The data Block Start
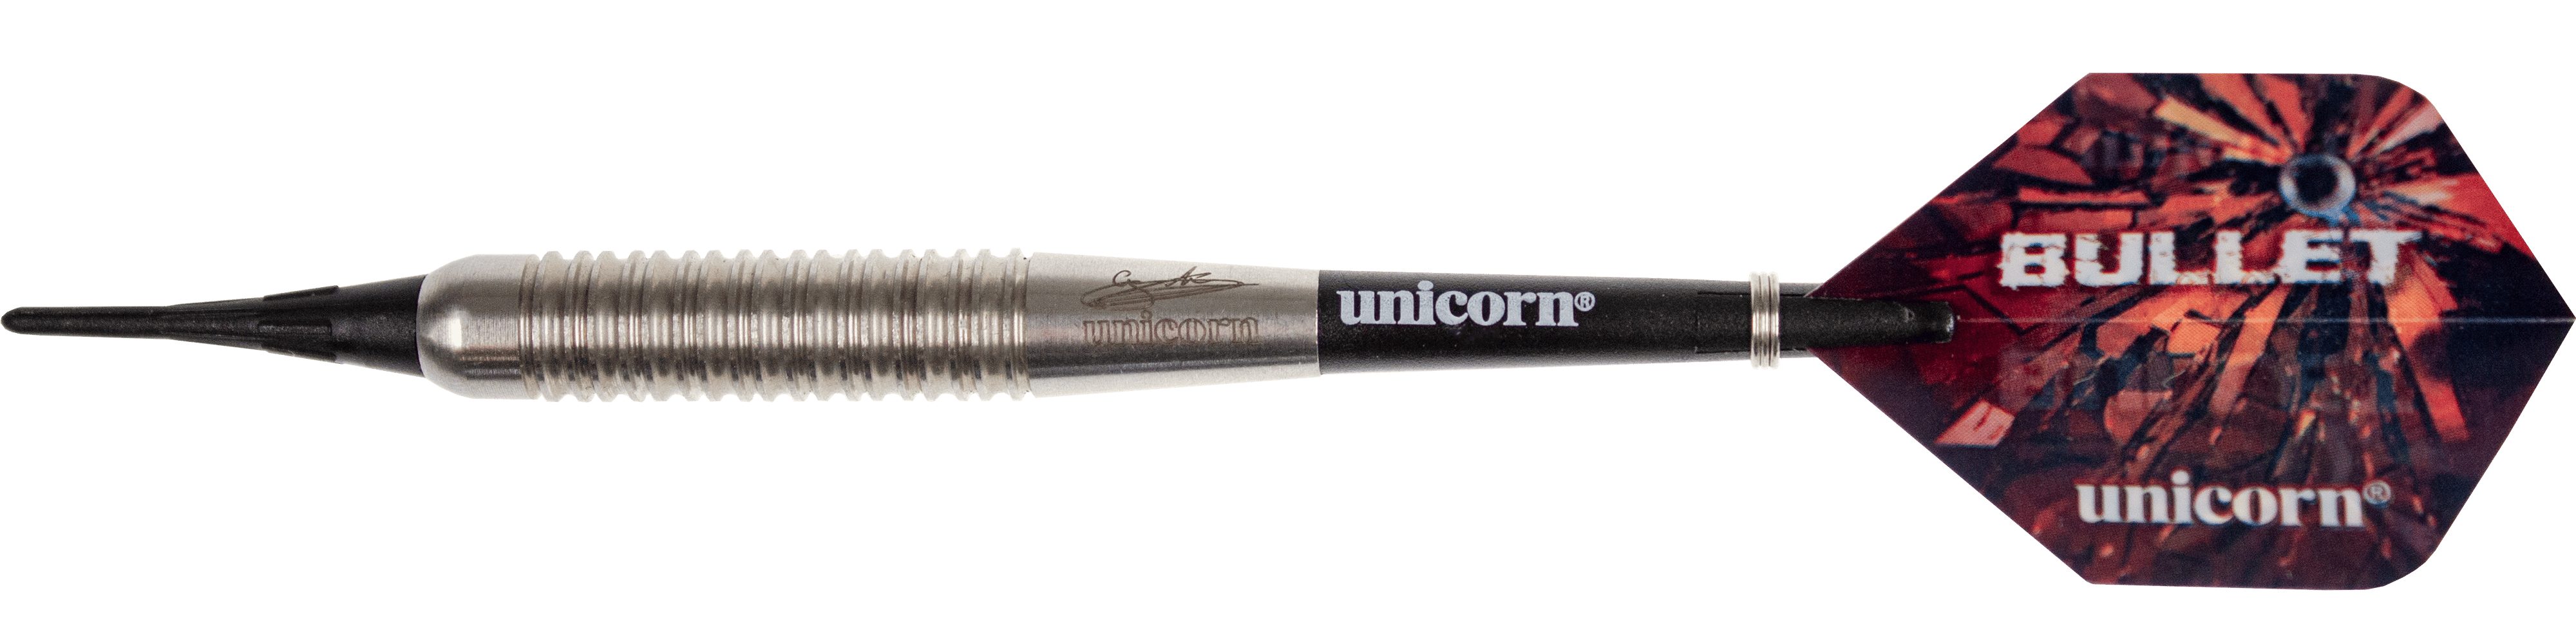 Unicorn Bullet Gary Anderson soft darts
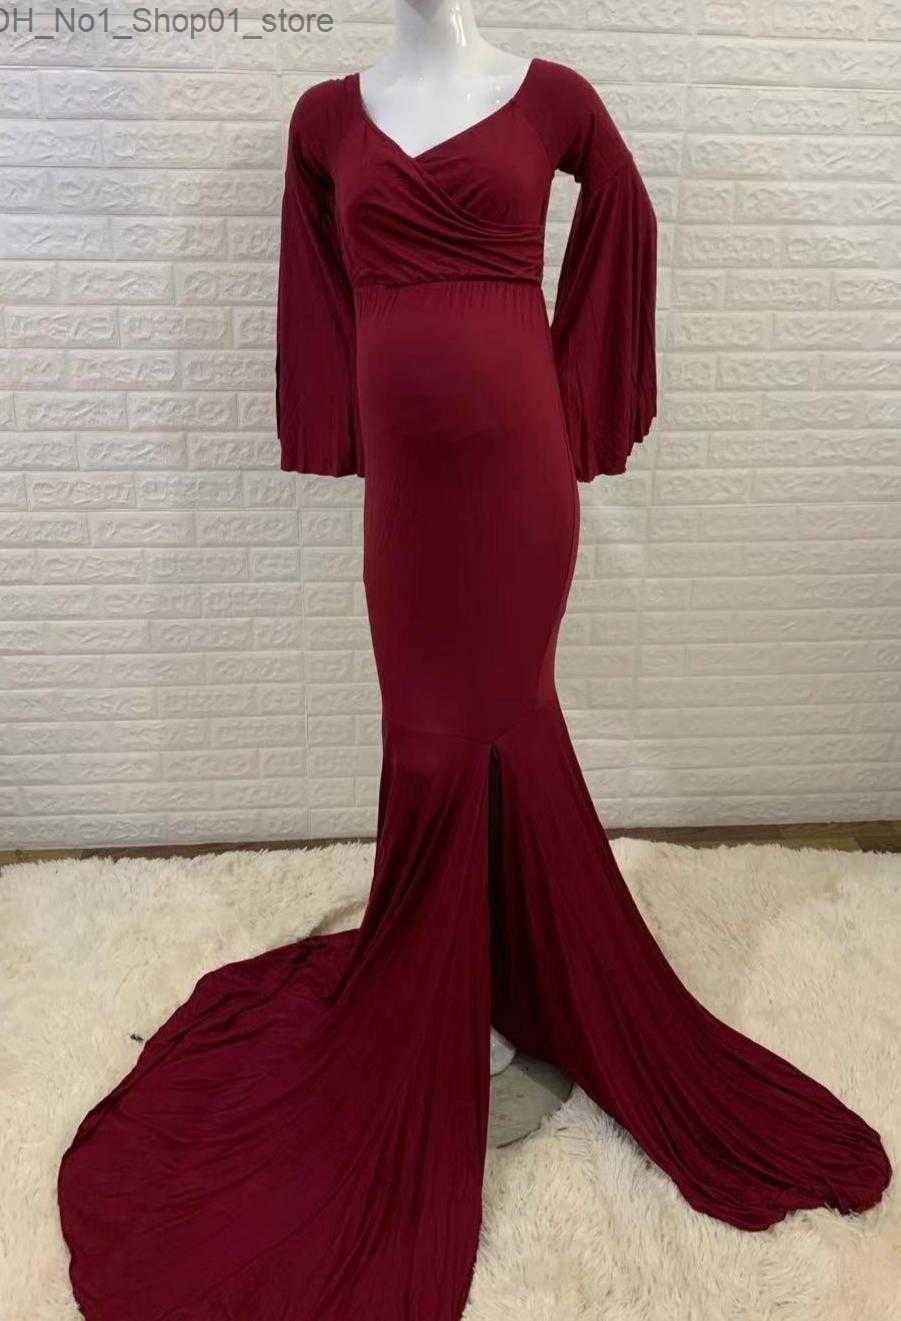 1x wine red dress
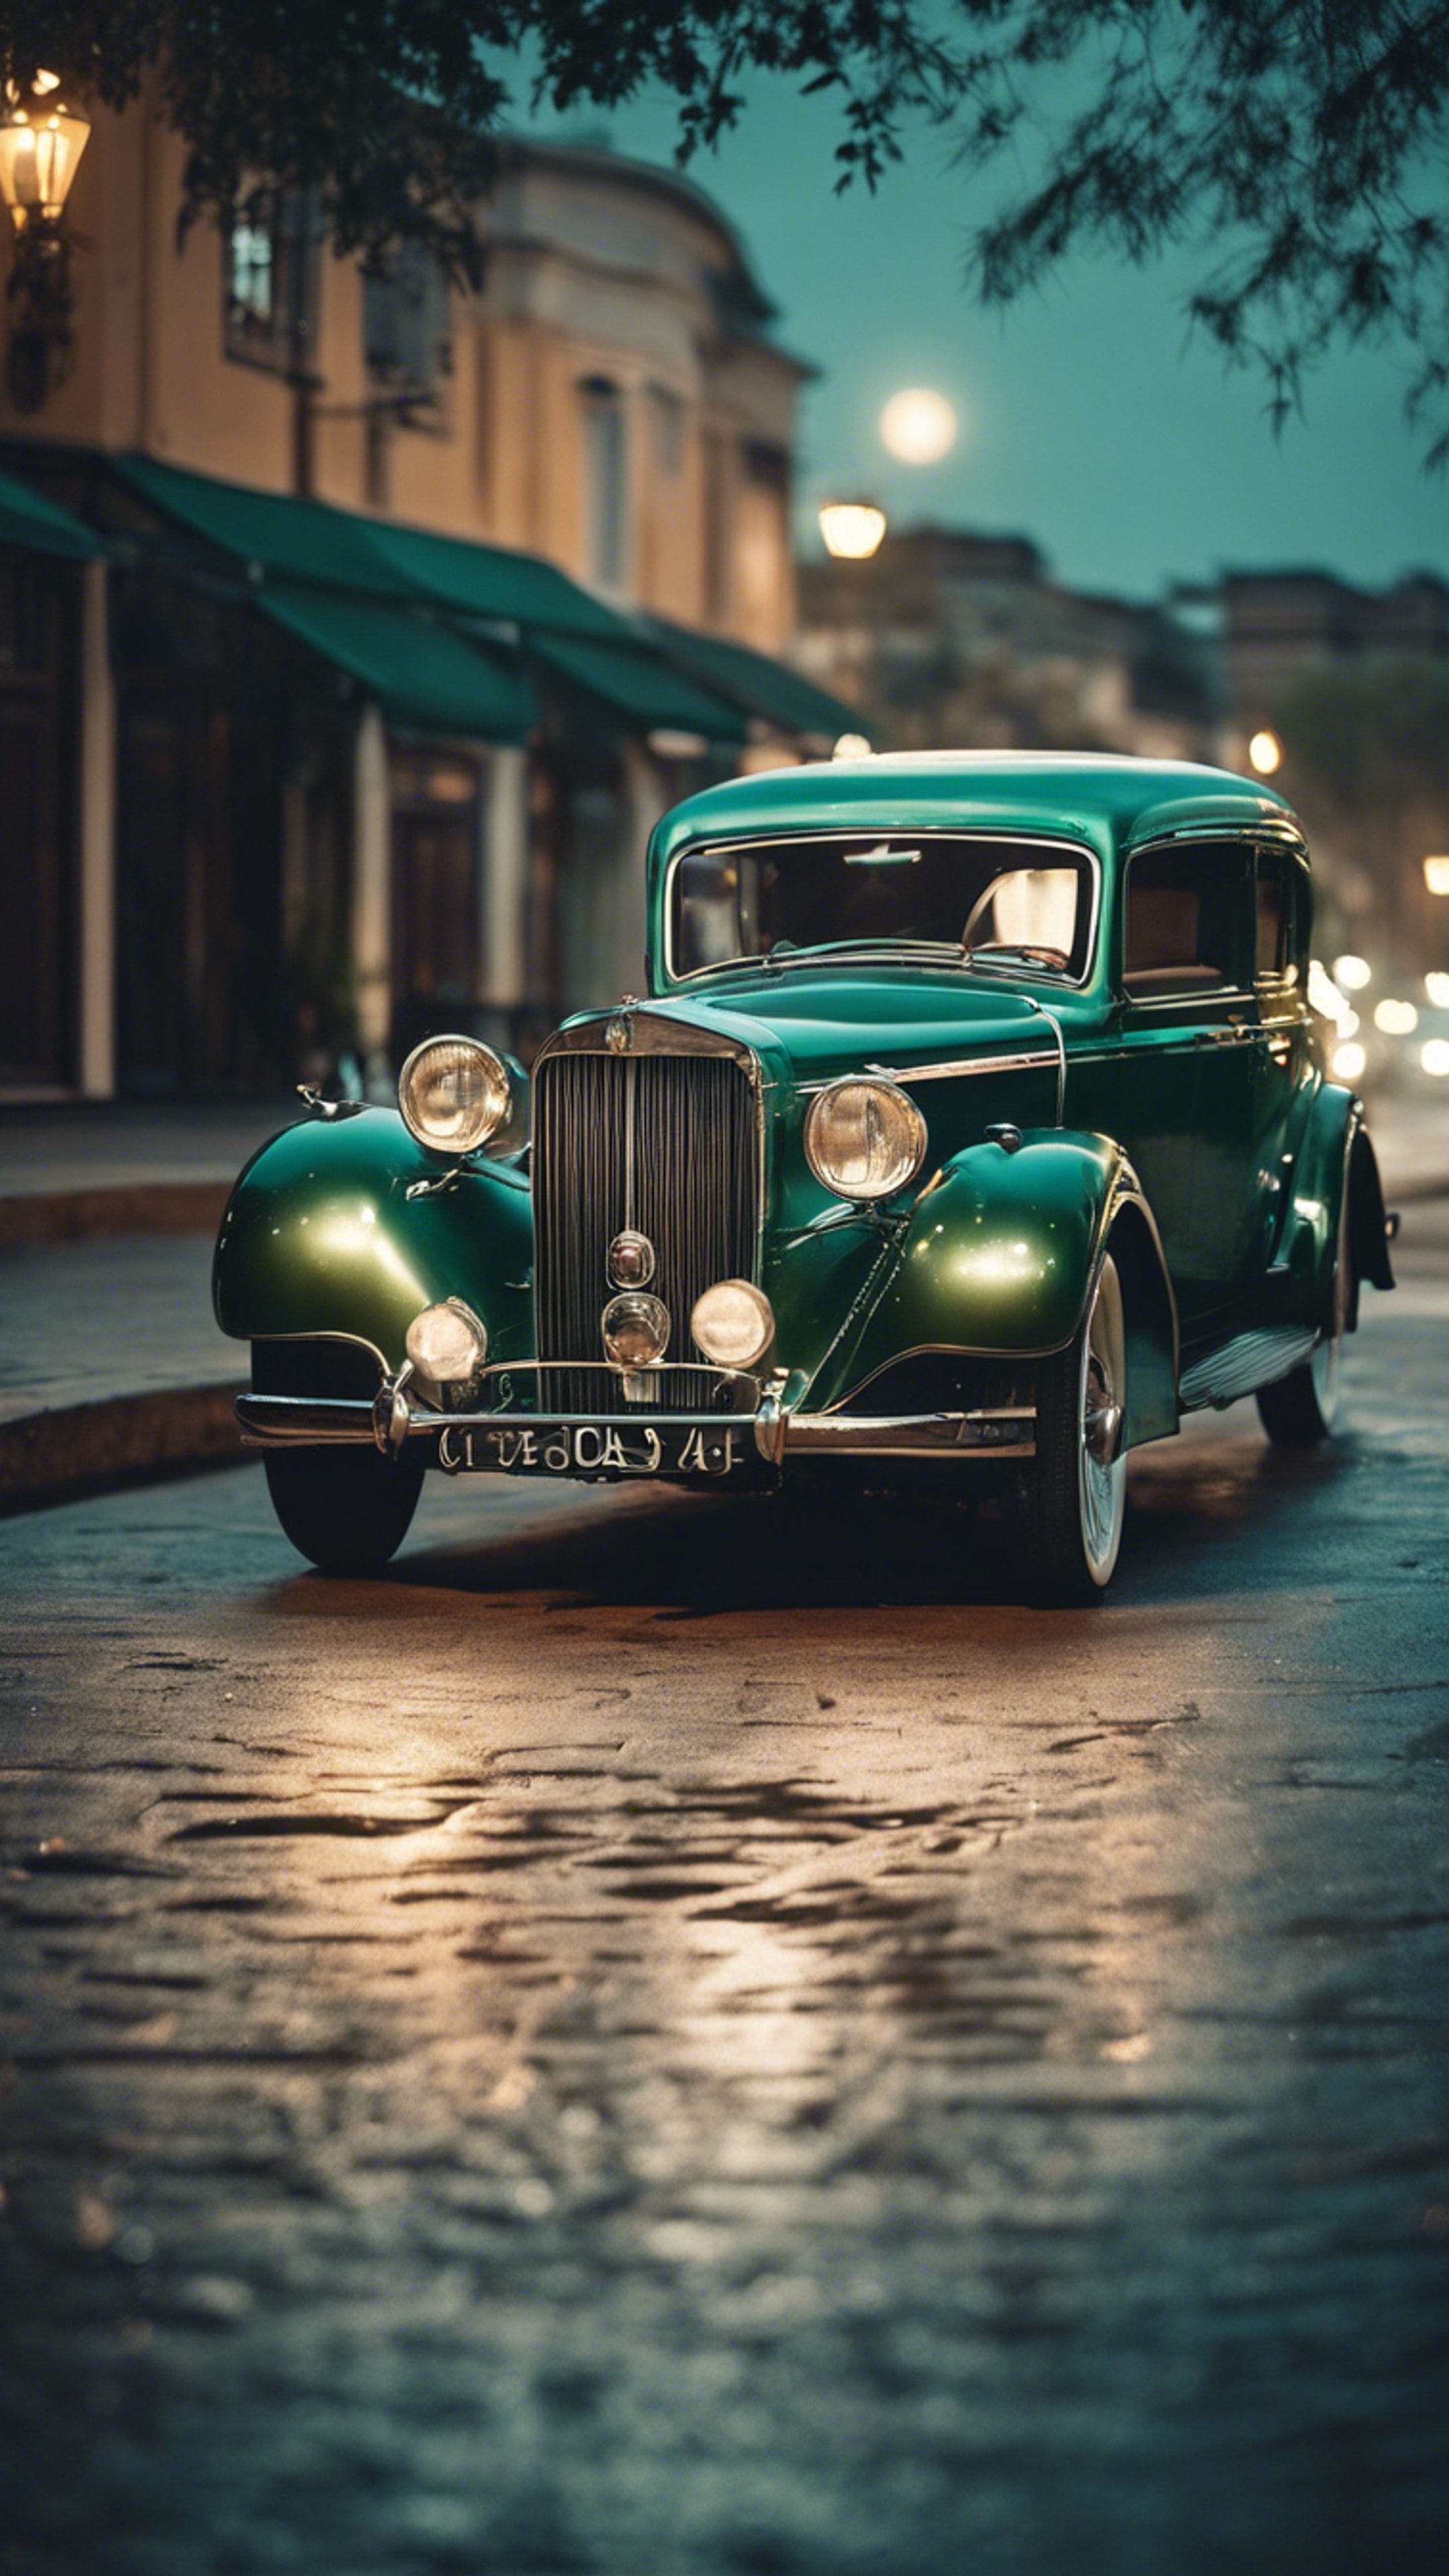 A luxurious antique car painted in cool dark green under the moonlight. Wallpaper[5cdba2e68b66456f8c5a]
The data Block End
- [The problem]: Would you transcribe the whole listing above exactly? The pictures should not be included.

- [Reply to the task]:
 Unicorn Bullet Gary Anderson soft darts
 1x wine red dress
 A luxurious antique car painted in cool dark green under the moonlight. Wallpaper[5cdba2e68b66456f8c5a]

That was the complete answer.